* [WORK REQUEST]
All of the data below should be set down again verbatim, without any images.

* [DATA EXCERPT]
-=-=-=-=-

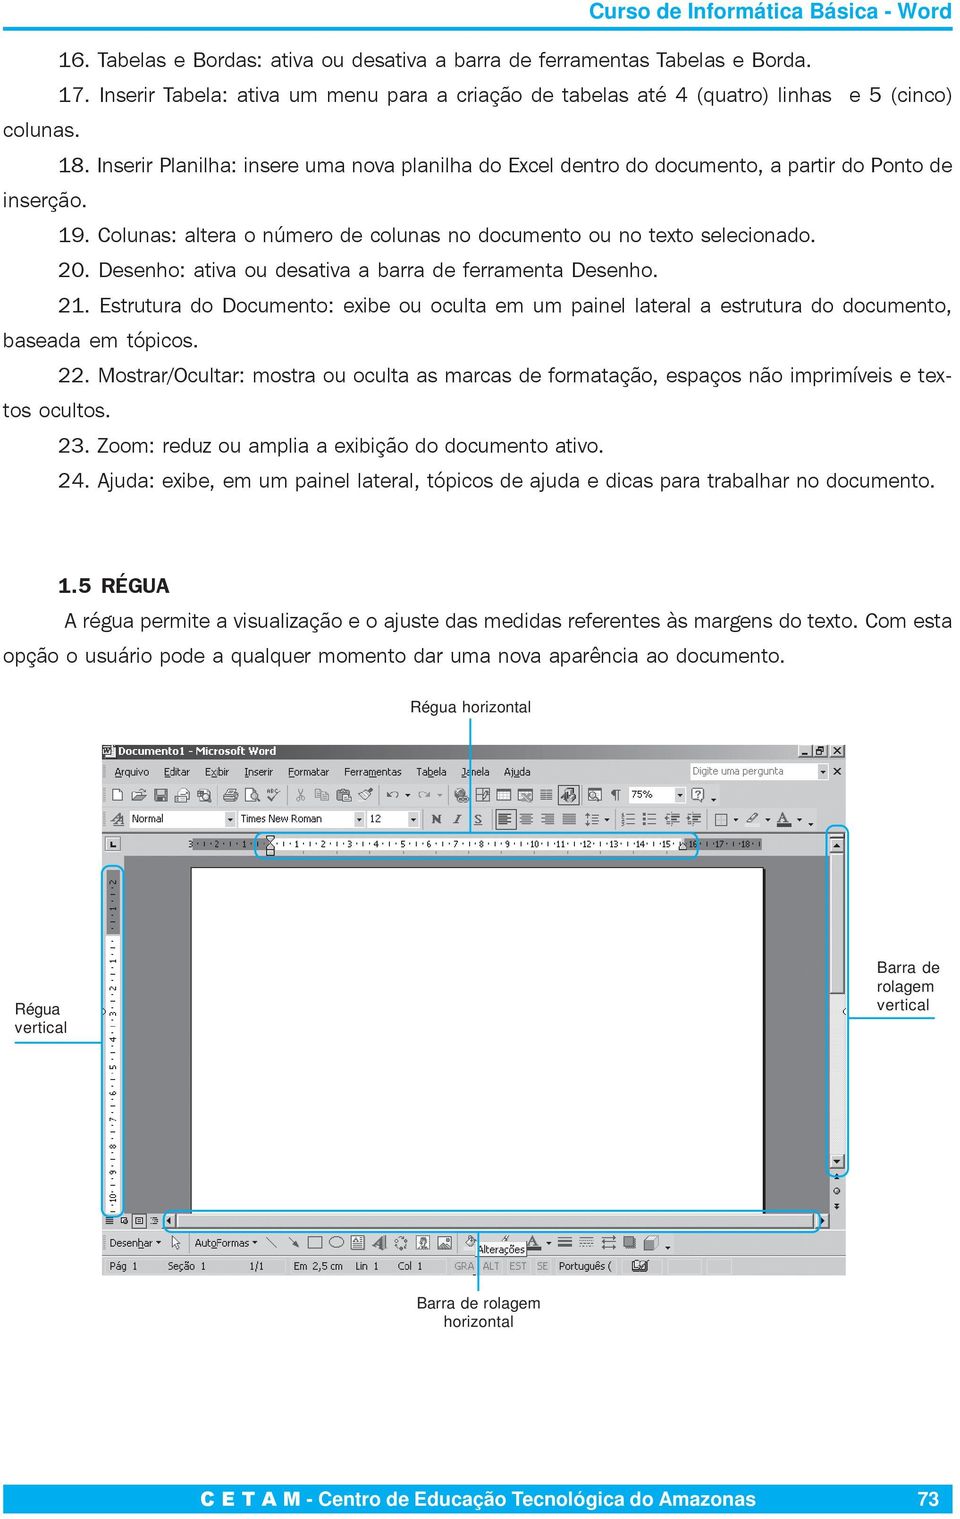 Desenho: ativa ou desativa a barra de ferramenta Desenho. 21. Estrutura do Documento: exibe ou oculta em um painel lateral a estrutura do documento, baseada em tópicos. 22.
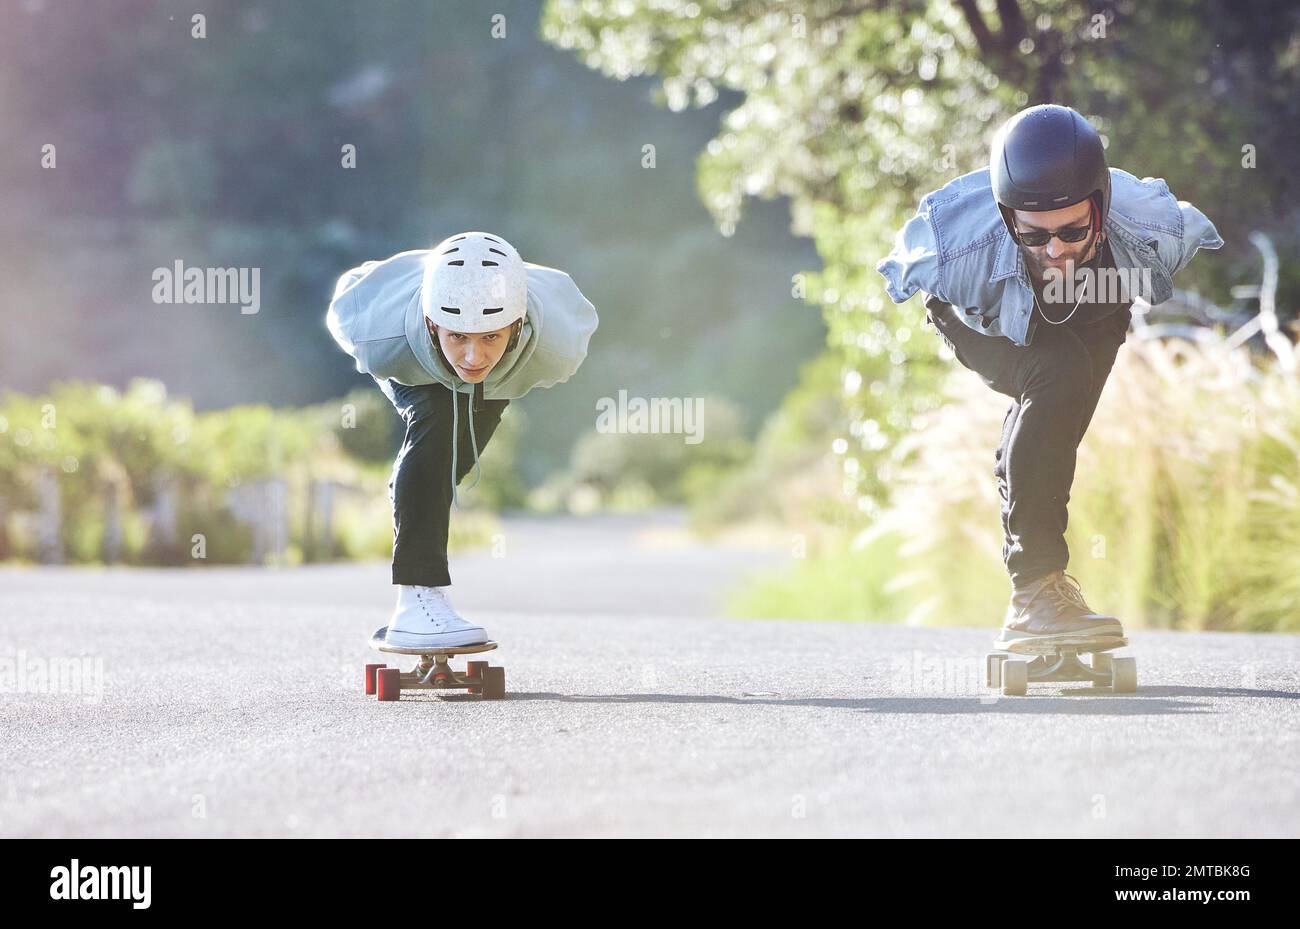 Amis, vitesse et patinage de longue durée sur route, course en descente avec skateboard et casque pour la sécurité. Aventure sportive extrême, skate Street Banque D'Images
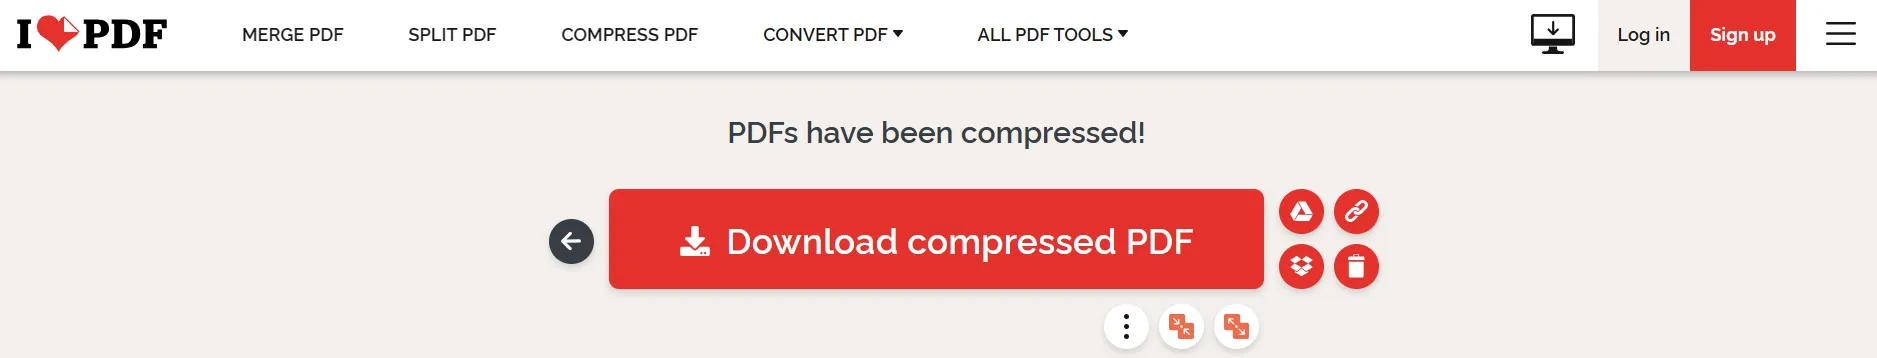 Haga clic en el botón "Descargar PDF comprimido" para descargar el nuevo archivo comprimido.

-=-=-=-=-

* [WRITTEN RESPONSE]
 Desenho: ativa ou desativa a barra de ferramenta Desenho. 21. Estrutura do Documento: exibe ou oculta em um painel lateral a estrutura do documento, baseada em tópicos. 22.
 Amis, vitesse et patinage de longue durée sur route, course en descente avec skateboard et casque pour la sécurité. Aventure sportive extrême, skate Street Banque D'Images
 Haga clic en el botón "Descargar PDF comprimido" para descargar el nuevo archivo comprimido.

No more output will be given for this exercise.